The original snippet would look something like
   (set (reg:HI 101) (zero_extend:HI (reg:QI 100)))
   (set (reg:HI 102) (ashift:HI (reg:HI 101) (const_int 8)))
Combine will try
   (set (reg:HI 102)
        (ashift:HI (zero_extend:HI (reg:QI 100))
                   (const_int 8)))
Which could be split/mapped to
   (set (subreg:QI (reg:HI 102) 1) (reg:QI 100))
   (set (subreg:QI (reg:HI 102) 0) (const_int 0))
Note that this is more general and contains the code above if reload
decides to allocate 102 to R24 and 100 to R25 (or 102 to REGNO and 100
to REGNO+1).

Unfortunately, skimming generated asm for such sequences and writing
patterns to catch them is very time consuming. But I am unsure if
automatically generated peepholes2 is what we want
-- there will be bulk of patterns in the backend where no one really
knows where they come from. There will be no individual comments why
they are there. It will be harder to maintain the backend.

I would specify them as generated and keep them in a separate file.

Perhaps the new gcc plugin framework will open a door?
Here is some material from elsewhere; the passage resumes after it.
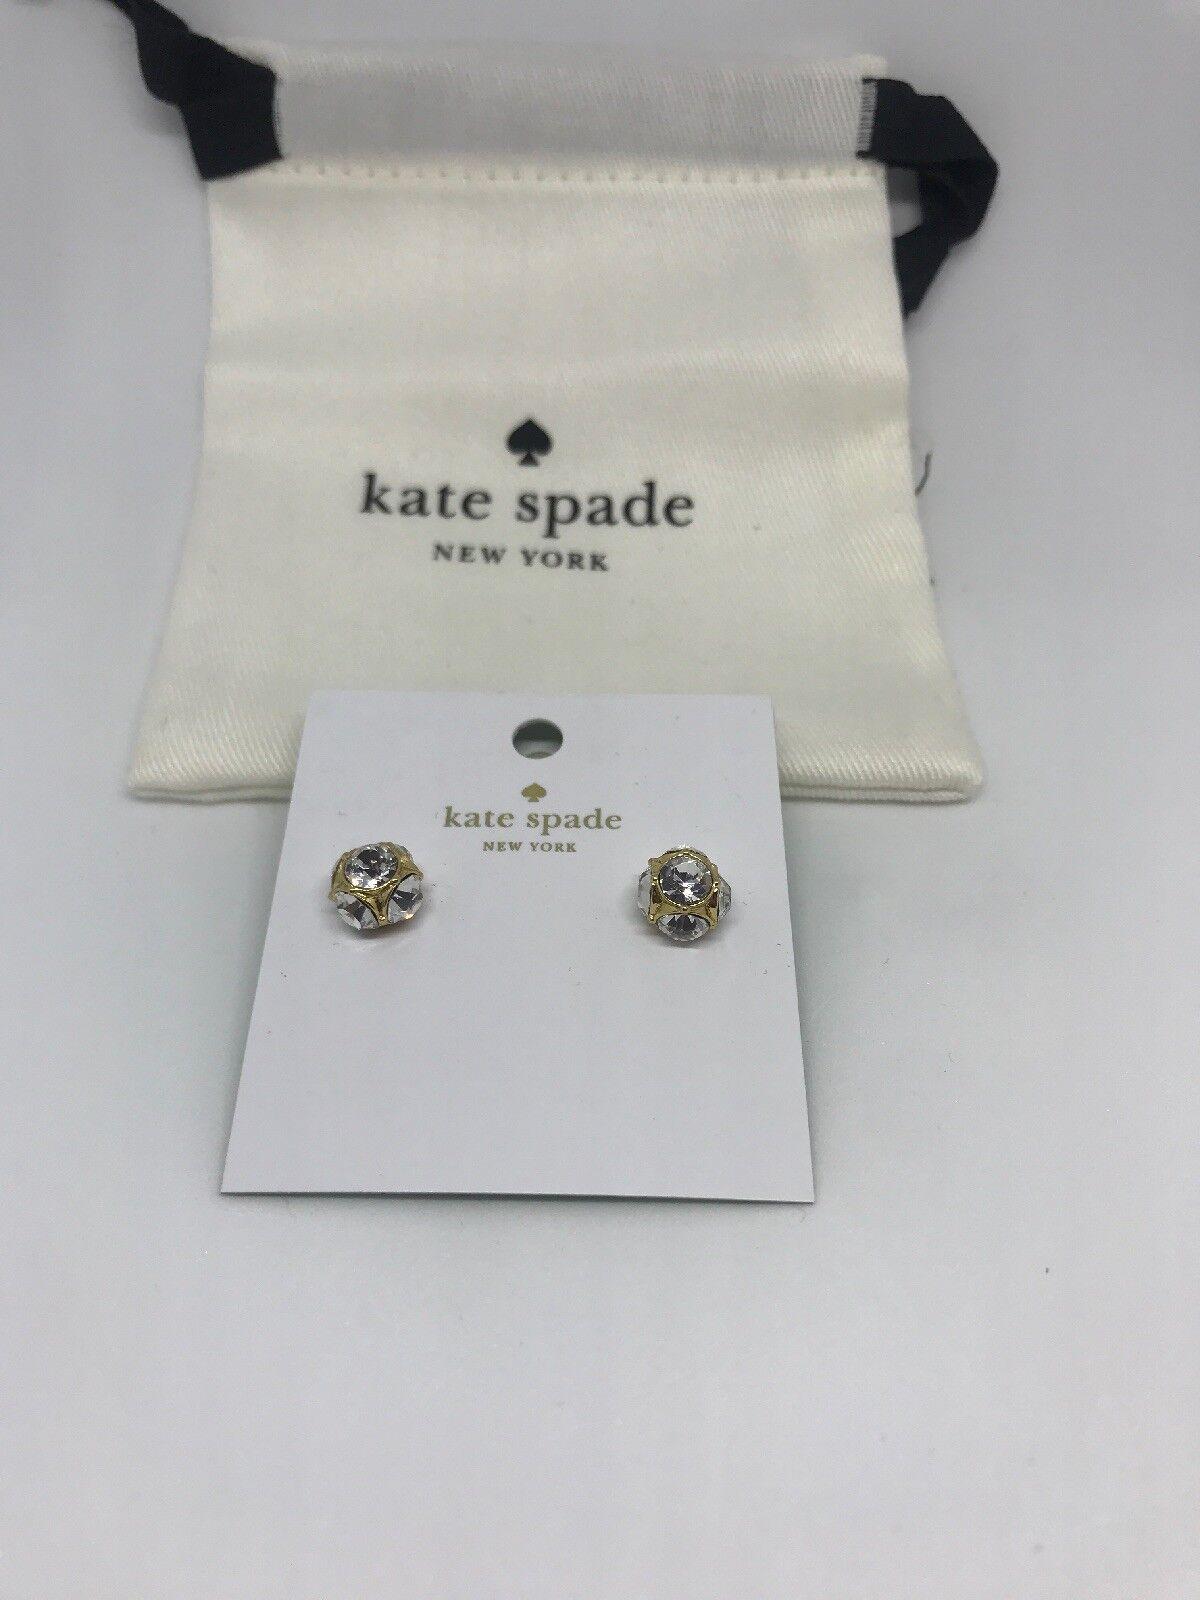 97da0894af4a2 Kate Spade Lady Marmalade Studs Earrings Clear Gold Tone O0ru1145
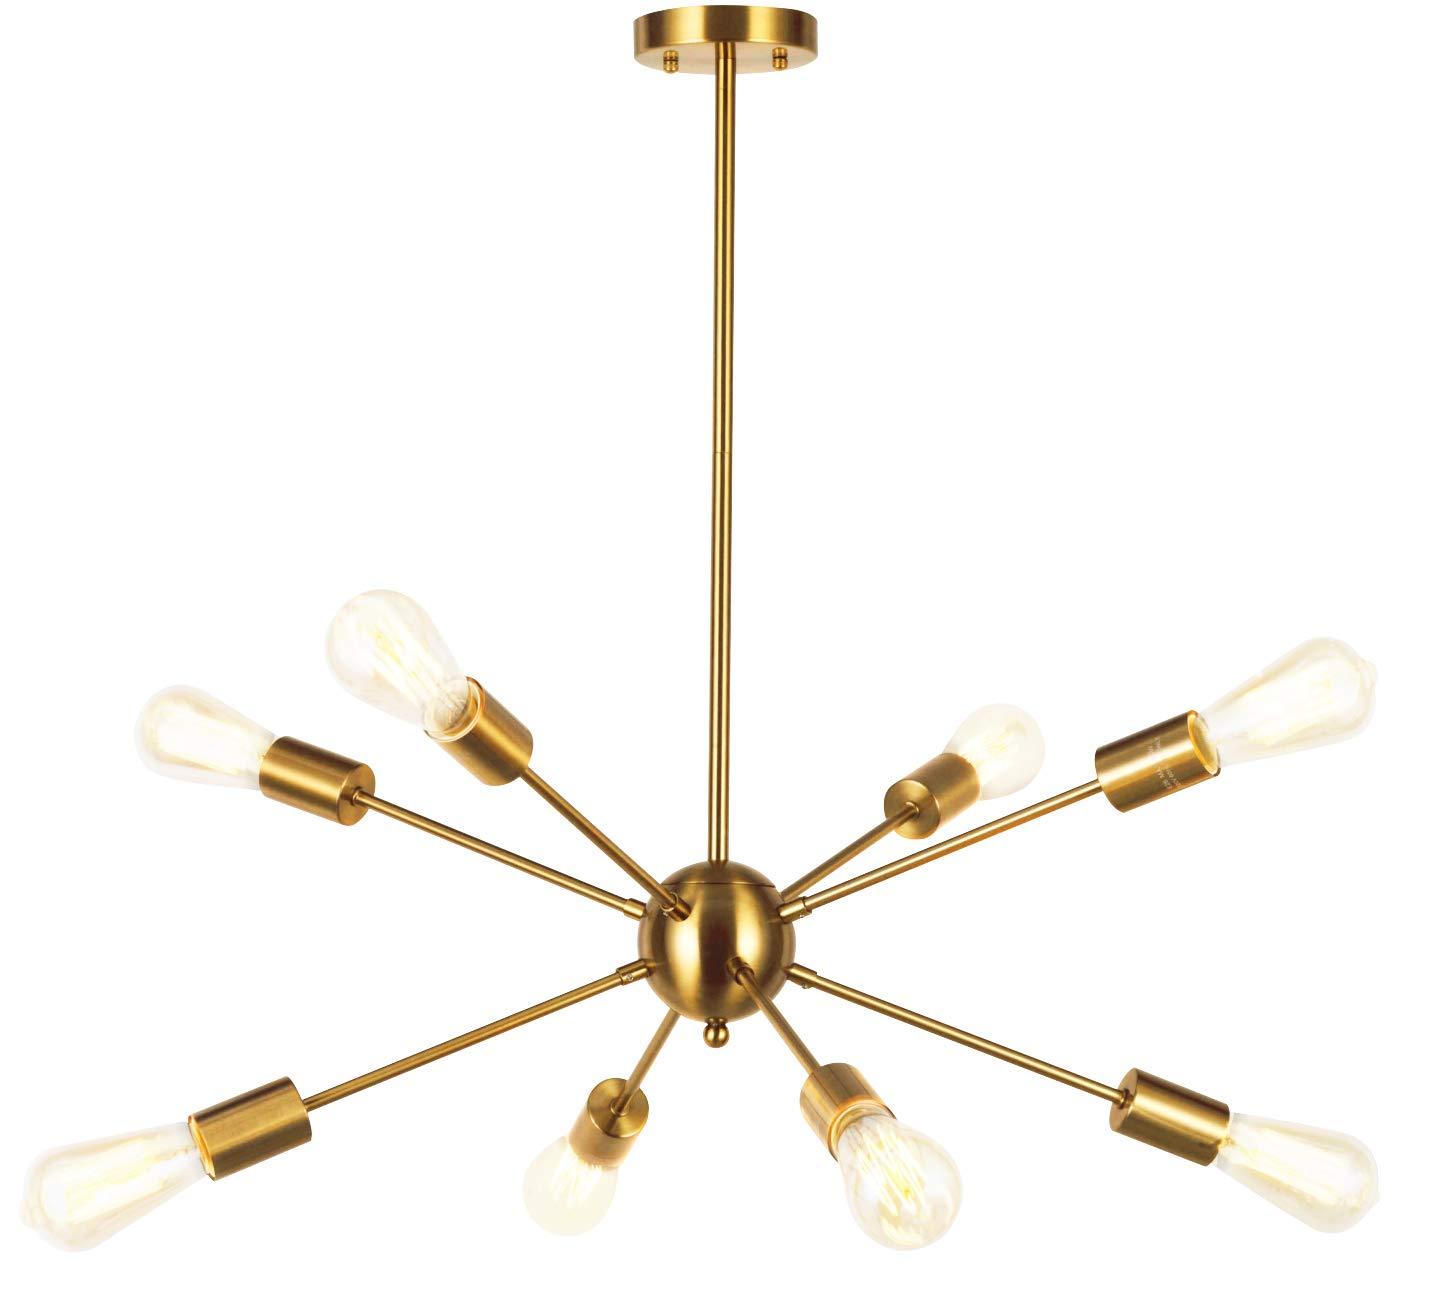 Vinluz sputnik chandelier contemporary 8 lights brushed brass modern pendant lighting gold mid century ceiling light fixture for dining room bed room

So that the functionality could be supplied in a plugin, without all the license hick-hack that is implied when gcc sources are to be changed...

-- I think before adding peepholes we should try to fix the very
problems: maybe missing combine patterns, playing around with command
line options, smarter ways to printout assembler, maybe costs, insn
constraints, see if the bad code still persist in gcc 4.5, etc.

Yes I agree, it is better to handcode a few patterns to take care of
90% of the cases than to have a few hundred generated cases.

As I said, IMHO peep2 should be a last resort to fix mess if more
sophisticated and more general approaches fail. I guess a bunch of the
cases you see and treat is just because gcc doesn't handle what it could
have handled if it was described somewhere.

Yes, and it's annoying the way gcc is 32bit centric so it means all
the patterns have to be duplicated for 8, 16, and 32 bits on avr.

Maybe I'm getting carried away, but Ideally gcc would figure out how
to add 32bit numbers if it knows how to add 8 bit ones.. it should be
able to generate multiplication and division routines using it's
knowledge of the assembly language.. and then it would be trivial to
support 24bit integers, or fixed point types of any size for any
target (It was a pain writing all the multiplication and division
routines for 8 different types of fixed point numbers)  If it could
do this type of thing, it would significantly speed up writing new
backends since you would only need to define the instruction set to
the compiler, not rtl to the instruction set.

There are -- or at least there were -- projects that try to generate a cross compiler (resp. machine description to feed a cross compiler) directly from the hardware description/specification. But that is still a field of science and research.

As far as gcc is concerned, it actually *does* expand SImode(32 bits) by means of smaller modes like HImode(16 bits) and/or QImode(8 bits) if you do not suply SImode/remove SImode from the backend. Note that word_mode is HImode resp QImode (depends on -mint8) and Pmode is HImode, too.

However, the code is far from what would please your eyes. Yust have a look how avr-gcc breaks down 64-bit numbers (DImode) to smaller modes. This looks fine for moves and maybe bit operations. But addition is horror because there is nothing like an add-with-carry or compare-with-carry: The carry will be computed explicitely by means of shifts, etc, i.e. extremely expensive. This means that the best way to support SImode in gcc is to actually provide this mode -- and this means you have to supply it /completely/ and rewrite the difficult parts, especially the move instruction which is most painful.

Some backend describe add-carry explicitely on RTL level. However, the RTL optimizers don't know anything about it, and things will remain this way exept some carry-magic is integrated in gcc. That is not trivial and a major change with new standars insns, optimization passes and low-level stuff that's far from being trivial.